And then Natalie realized the reason he hadn’t moved away from her was simply because he was waiting for her to move first. And because she’d only stood there like an imbecile, he was probably thinking she was, well, an imbecile. Either that, or he was thinking she’d been enjoying the feel of his body next to hers too much to want to end it, and might possibly be grappling for some acceptable excuse for why she had to suddenly remove her clothing, and how embarrassing was that? Especially since he was right.

“Oh, yeah,” she said, forcing her feet forward. “Sorry. I was just thinking about something.”

Like how nice it would be to have her door opened this way every night. And how nice it would be if Jack followed her into her apartment every night. And how nice it would be if they spent the rest of the night rubbing their bodies together every night.

Oh, dear.

Hastily, she strode to her minuscule galley kitchen and set her bag of groceries on what little available counter space was there. Jack followed and did likewise, making the kitchen feel more like a closet. He was just so big. So overwhelming. So incredibly potent. She’d never met a man like him before, let alone have one rub up against her the way he had, however involuntary the action had been on his part.

The moment he settled his bag of groceries on the counter, he turned and took a few steps in the opposite direction, and Natalie told herself he was not trying to escape. As she quickly emptied the bags and put things in their proper places, he prowled around her small living room, and she got the feeling it was because he wasn’t quite ready to leave. Or maybe that was just wishful thinking on her part. In any event, however, he made no further move to escape. Uh, leave.

“You got a nice place here,” he said as he looked around.

And why did he sound as if he made the observation grudgingly? she wondered. She, too, looked around her apartment, trying to see it the way someone would for the first time. Five years of residence and a very small space added up to a lot of clutter, she realized. But he was right—it was nice clutter. Natalie wasn’t the type to go for finery, but she did like beautiful things. After she’d graduated from college and found this apartment, she’d haunted the antique shops and boutiques along Third Street and Bards-town Road and Frankfort Avenue, looking for interesting pieces to furnish her very first place. Her college dorm had been stark and bland and uninteresting, so she’d deliberately purchased things of bold color and intrepid design, striving more for chimerical than practical, fun instead of functional.

Her large, overstuffed, Victorian velvet sofa, the color of good merlot, had been her one splurge. The coffee table had started life as an old steamer trunk, and the end tables were marble-topped, carved wooden lyres. An old glass cocktail shaker on one held dried flowers, a crystal bowl overflowing with potpourri took up most of the other. Her lamps were Art Deco bronzes, and ancient Oriental rugs covered much of the hardwood floor. Dozens of houseplants spilled from wide window ledges, while other, larger ones sprung up from terra-cotta pots. Brightly colored majolica—something she’d collected since she was a teenager—filled every available space leftover.

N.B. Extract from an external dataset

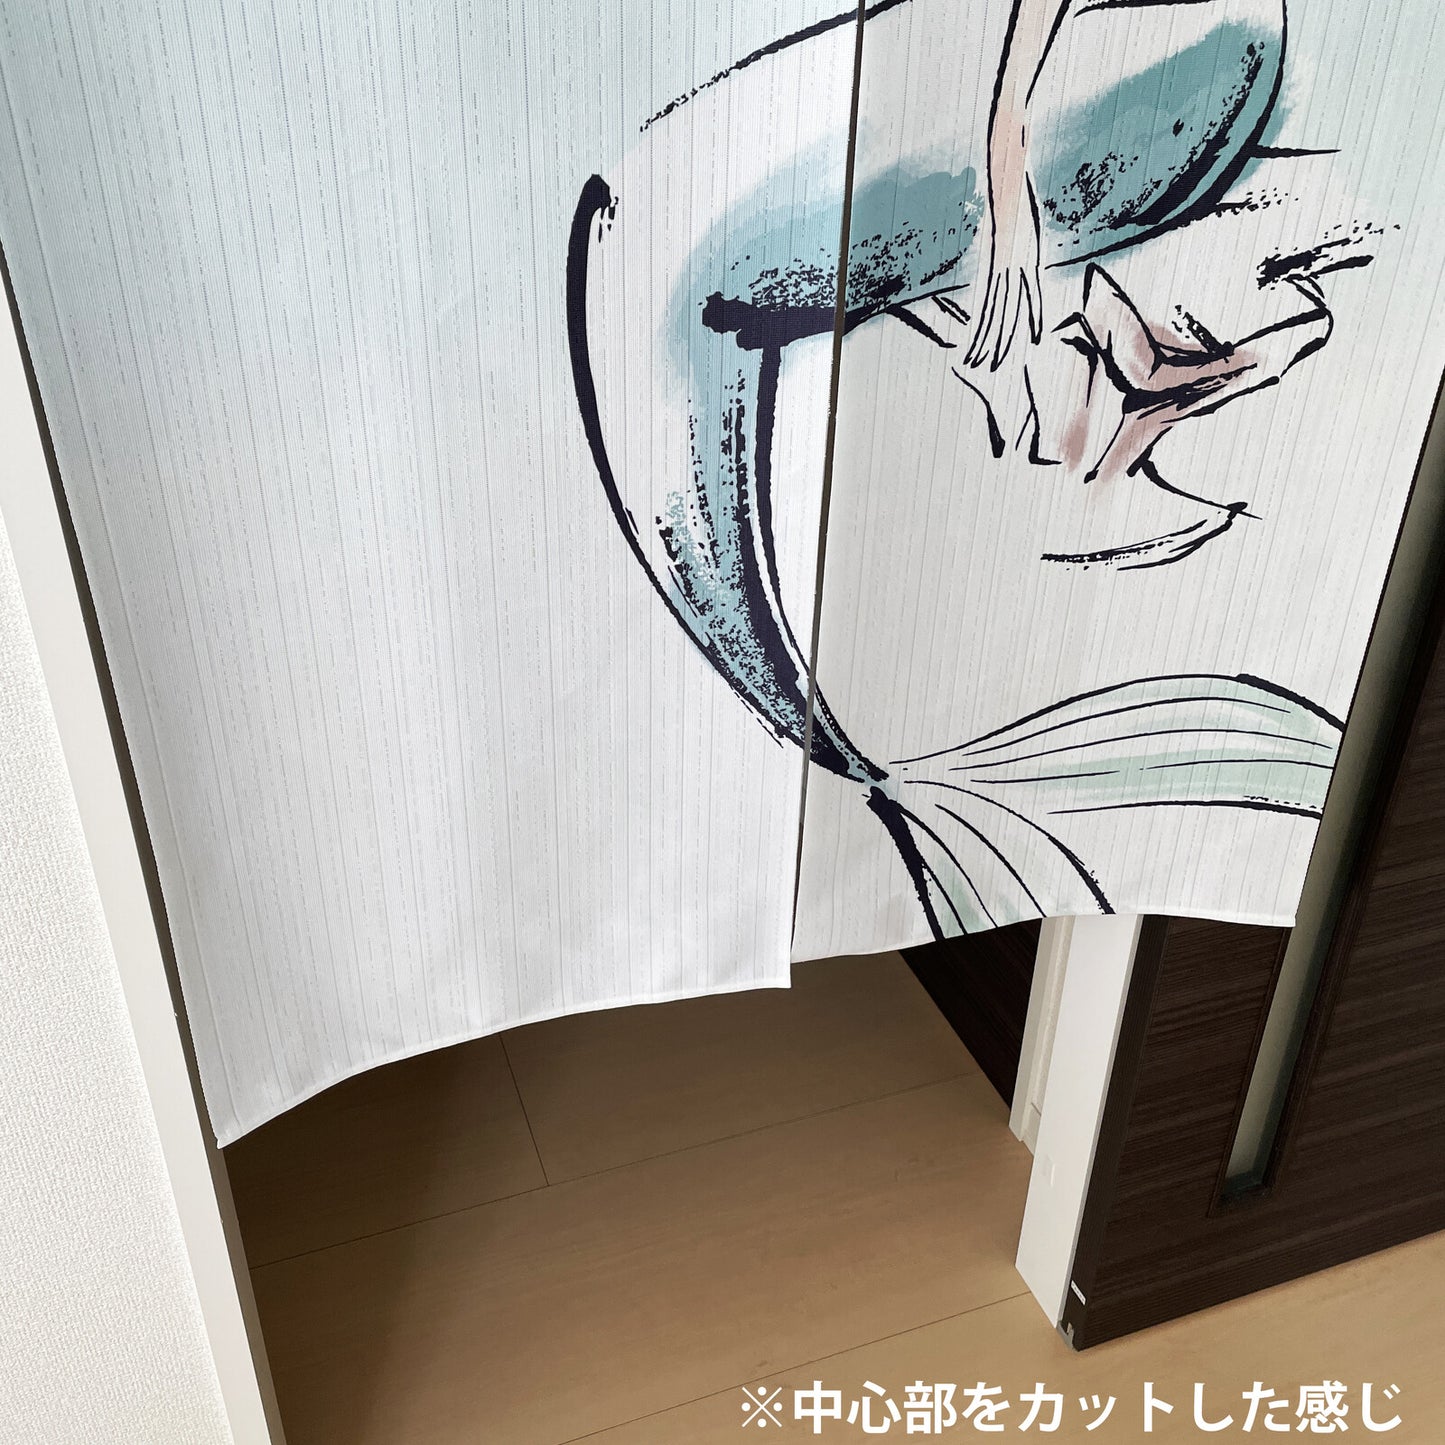  Disney Ariel door curtain made in Japan

All in all, she thought whimsically, not for the first time, the place looked like the home of an aging, eccentric Hollywood actress who’d never quite made it to the B-List. It was the sort of place she’d always wanted to have, and she was comfortable here.

Nevertheless, she shrugged off Jack’s compliment almost literally. “Thanks. I like it.” And she did.

“Yeah, I do, too,” he told her. “It’s…homey,” he added, again seeming somewhat reluctant to say so. “Interesting. Different from my place.”

His place, she knew, was a furnished apartment, but it was much like the rest of Mrs. Klosterman’s house, filled with old, but comfortable things. Still, it lacked anything that might add a personal touch, whereas Natalie’s apartment was overflowing with the personal. And that did indeed make a big difference.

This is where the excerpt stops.